* Activity *
In the data below, find the line with "Hochzeit Dekoration Tisch" and the line with "San Diego Family", then restate both and every line between them exactly, minus the pictures.

* Given records *

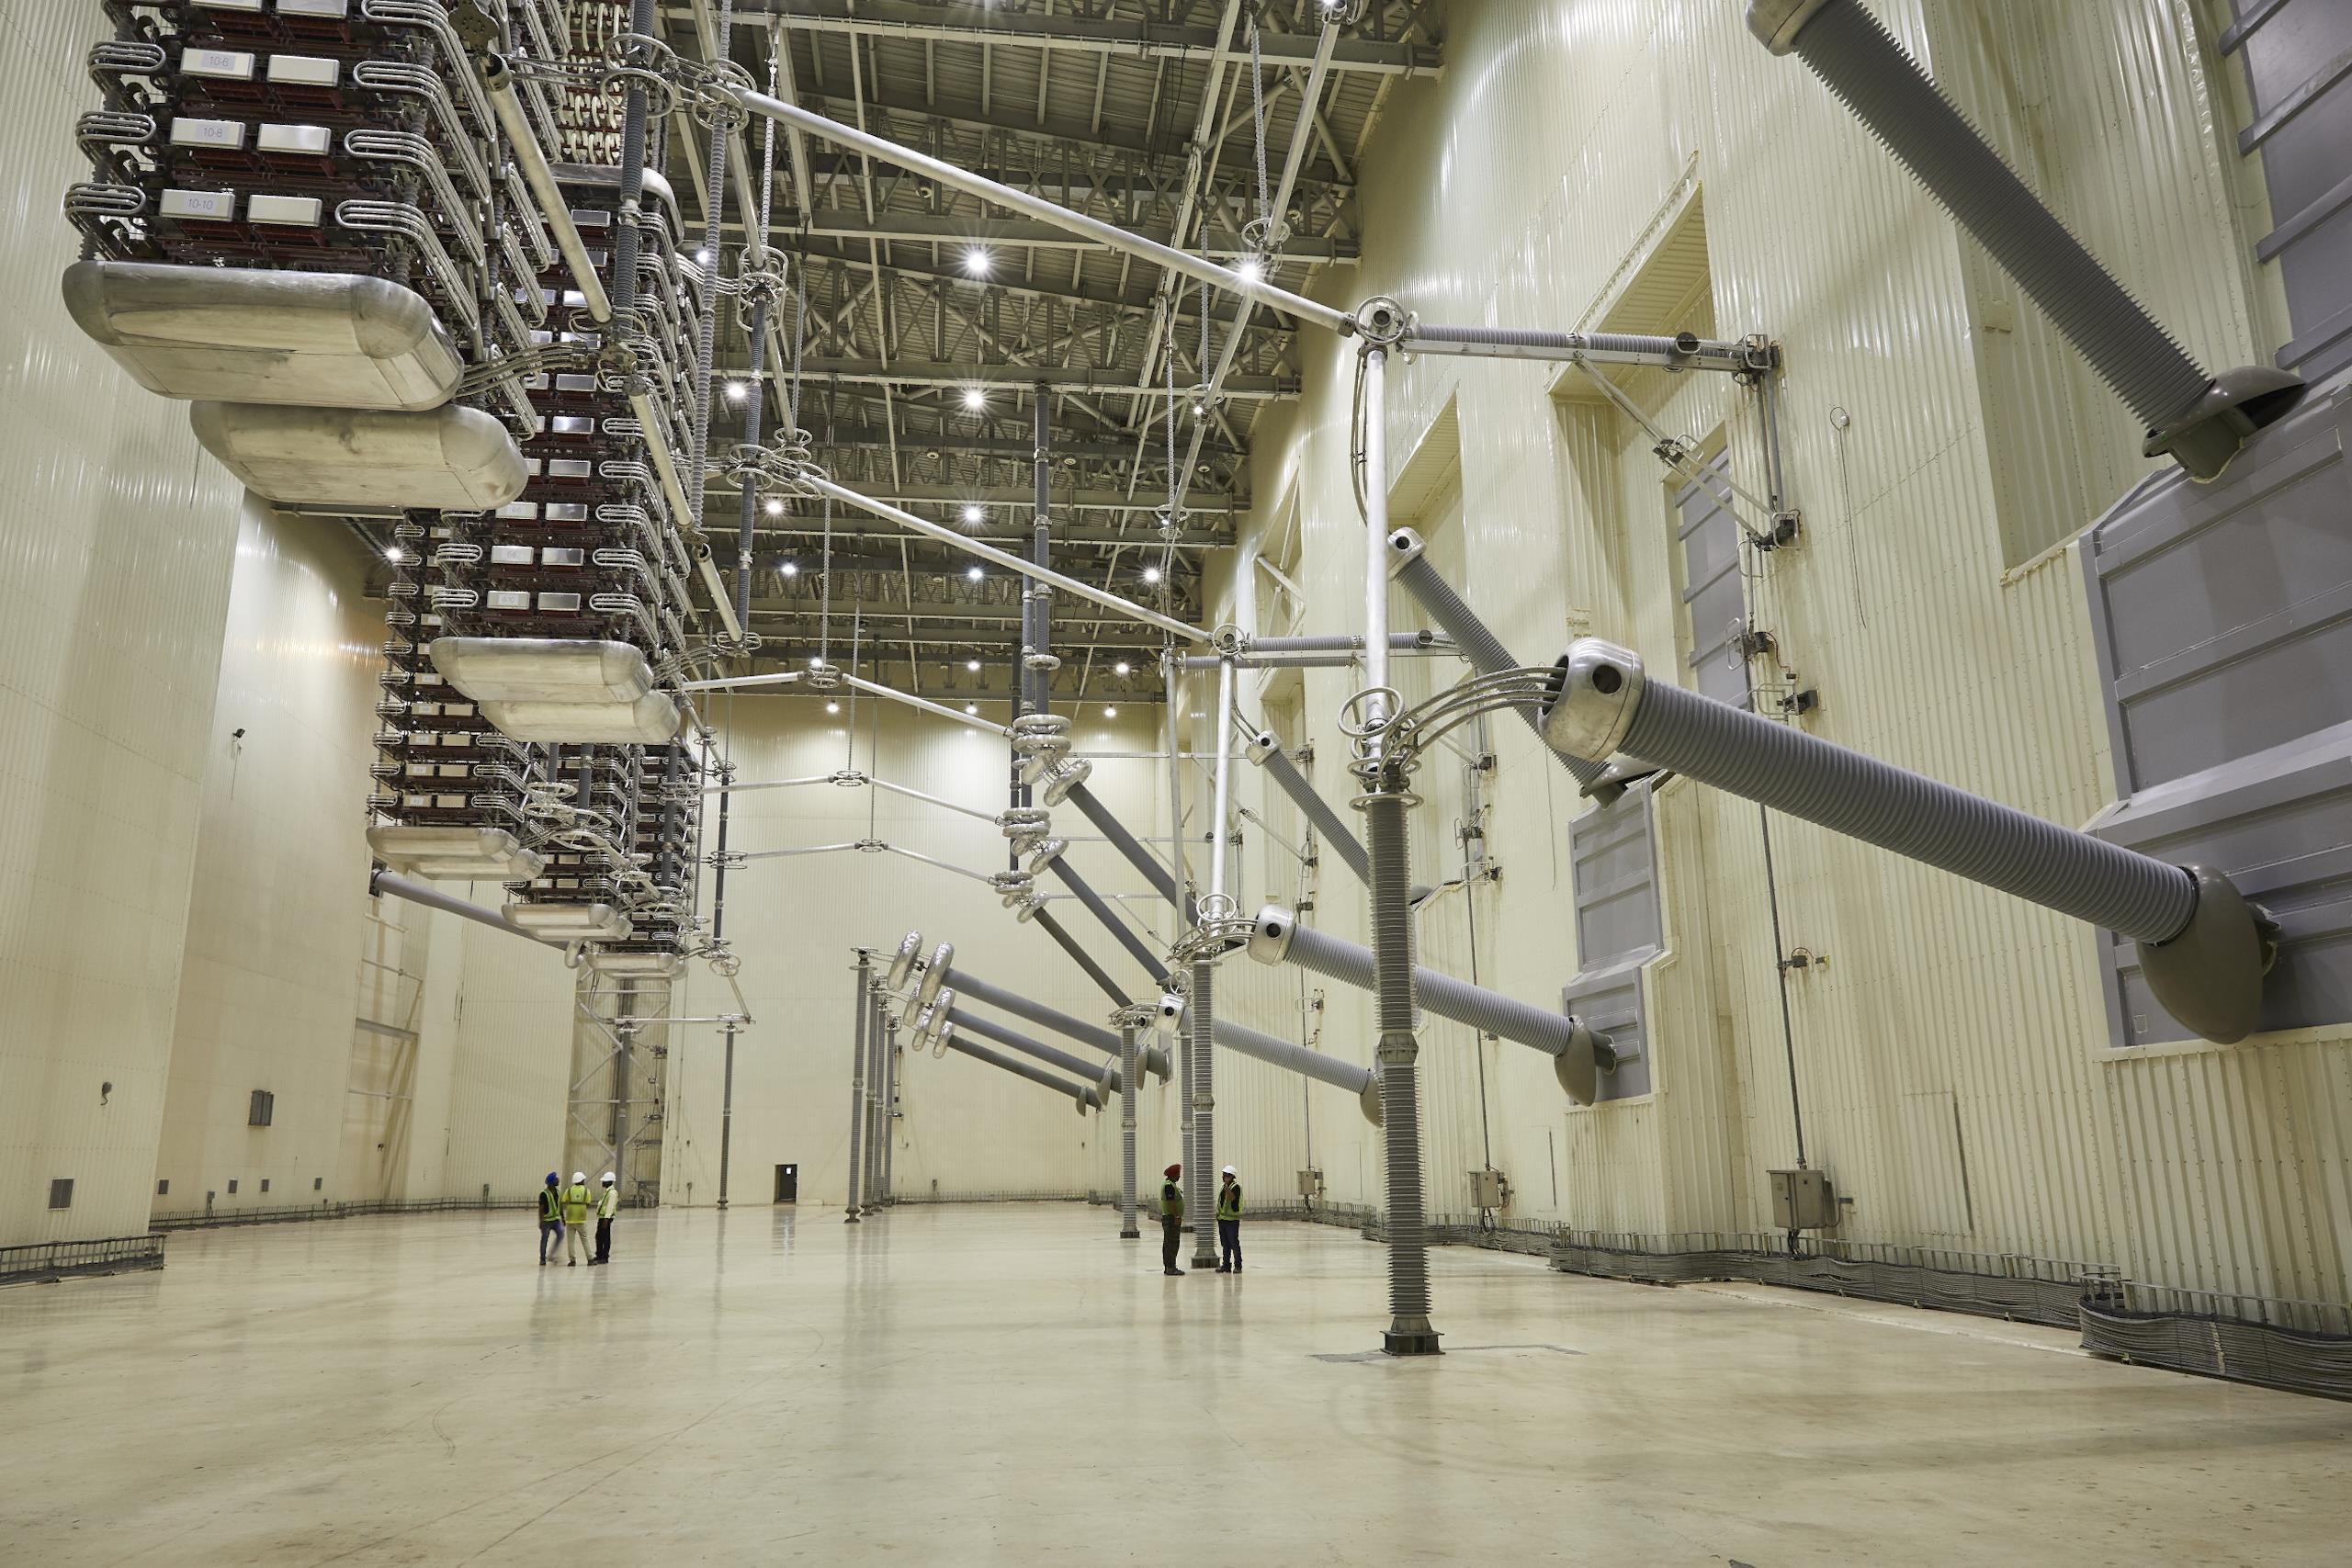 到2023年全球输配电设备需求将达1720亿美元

--

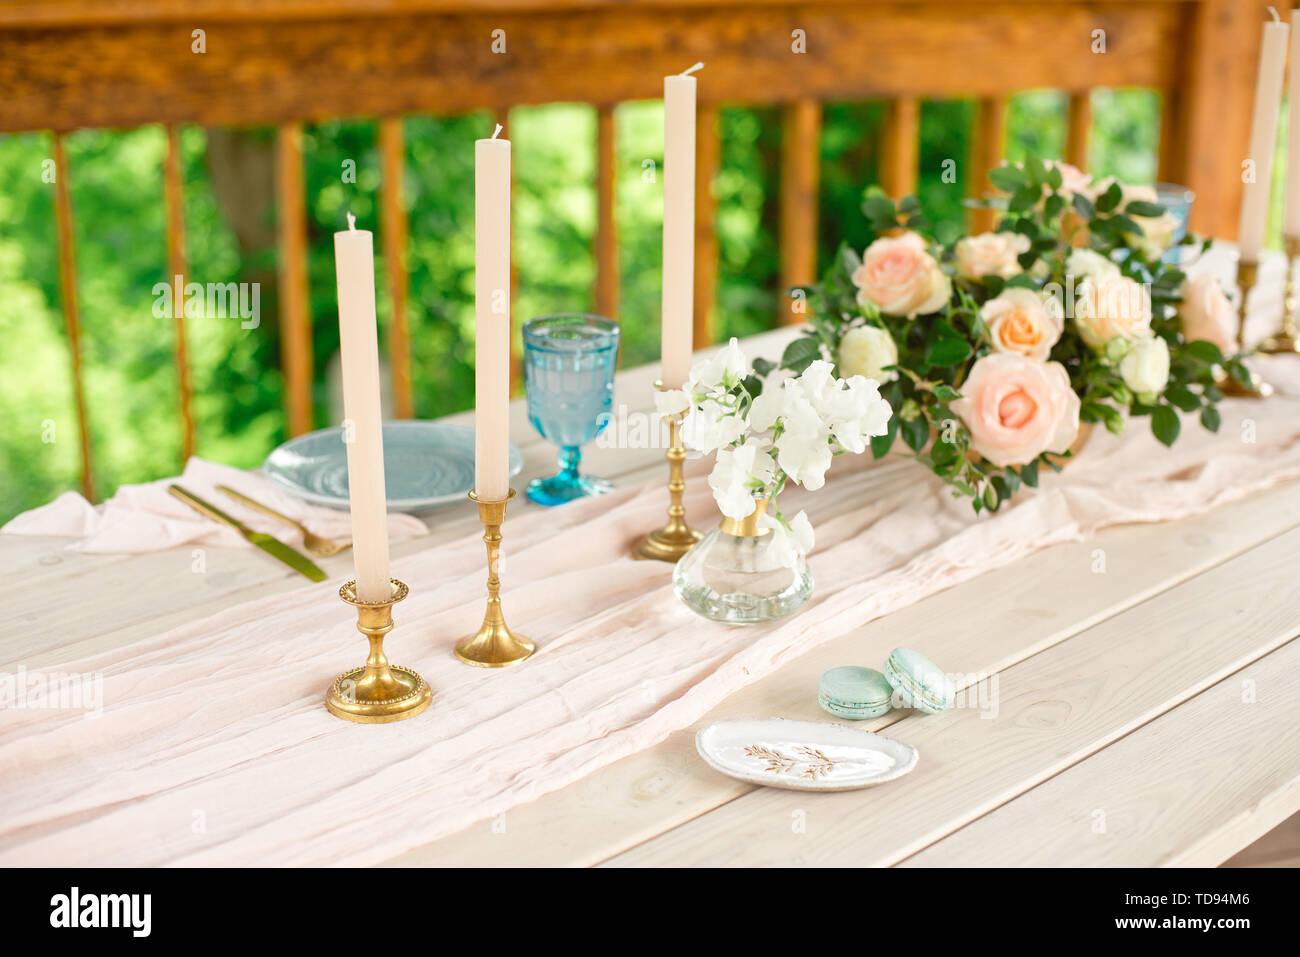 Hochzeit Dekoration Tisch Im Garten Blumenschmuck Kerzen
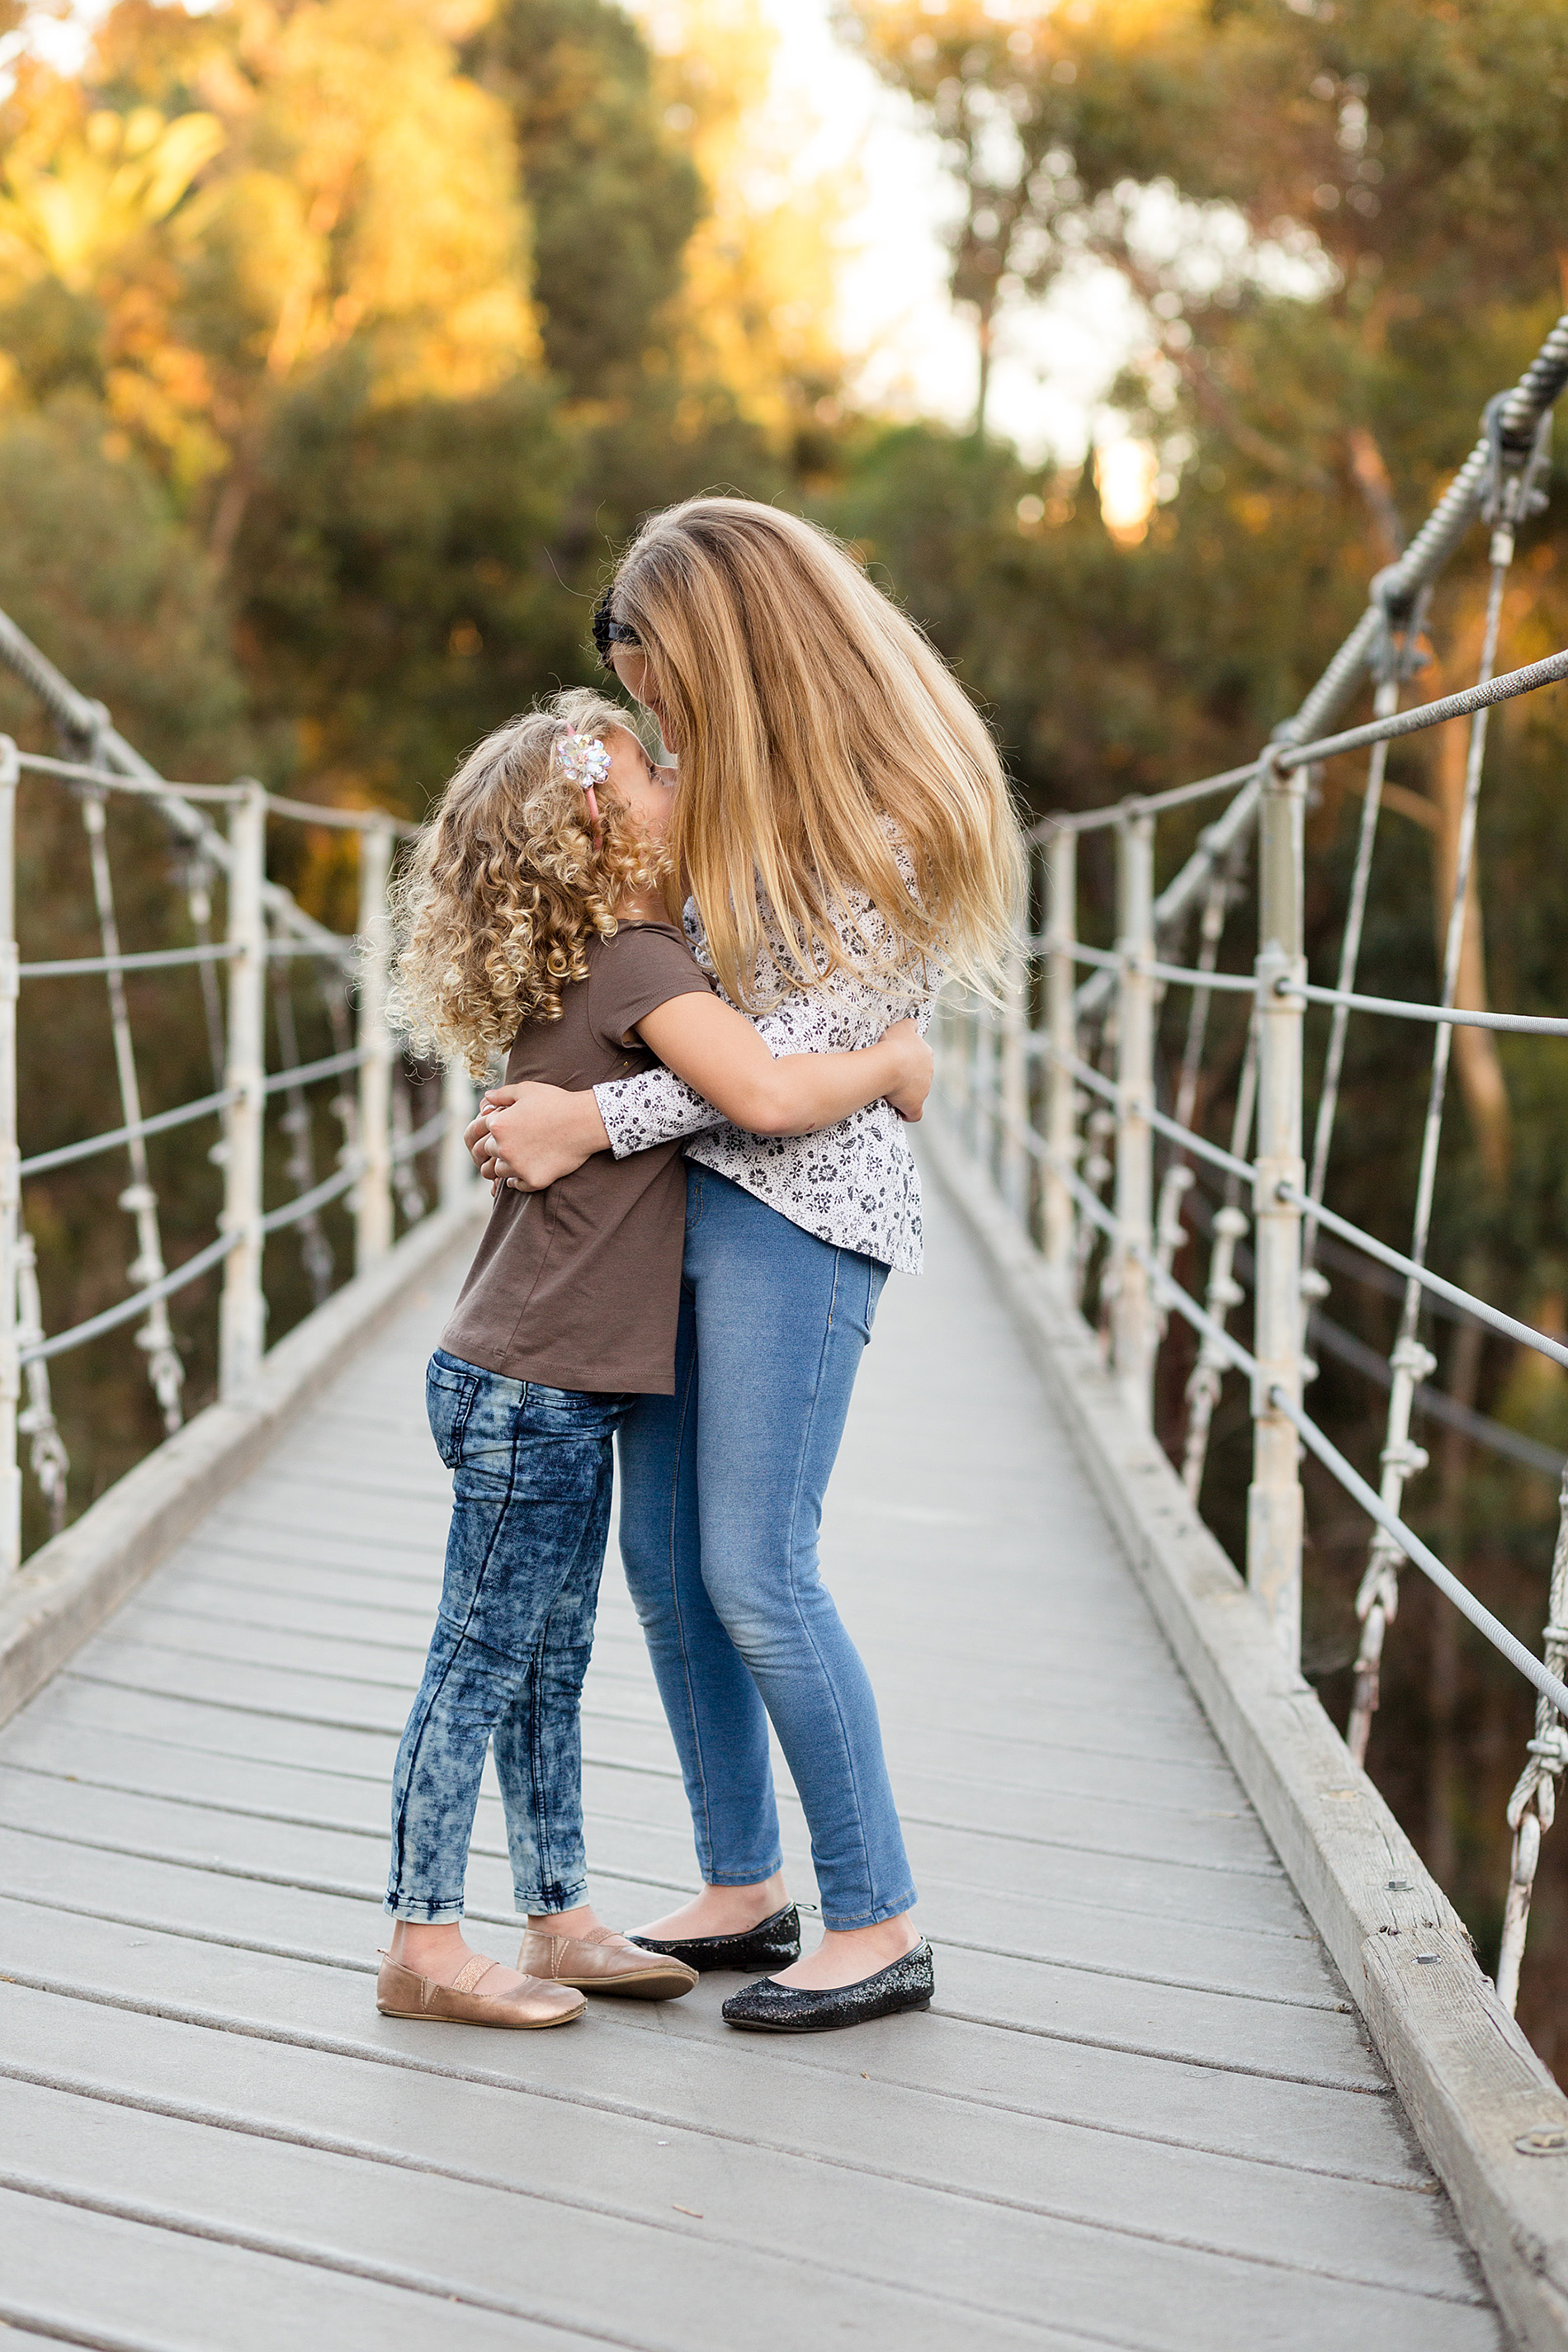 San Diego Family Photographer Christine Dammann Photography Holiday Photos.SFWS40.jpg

* Expected output *
 Hochzeit Dekoration Tisch Im Garten Blumenschmuck Kerzen
 San Diego Family Photographer Christine Dammann Photography Holiday Photos.SFWS40.jpg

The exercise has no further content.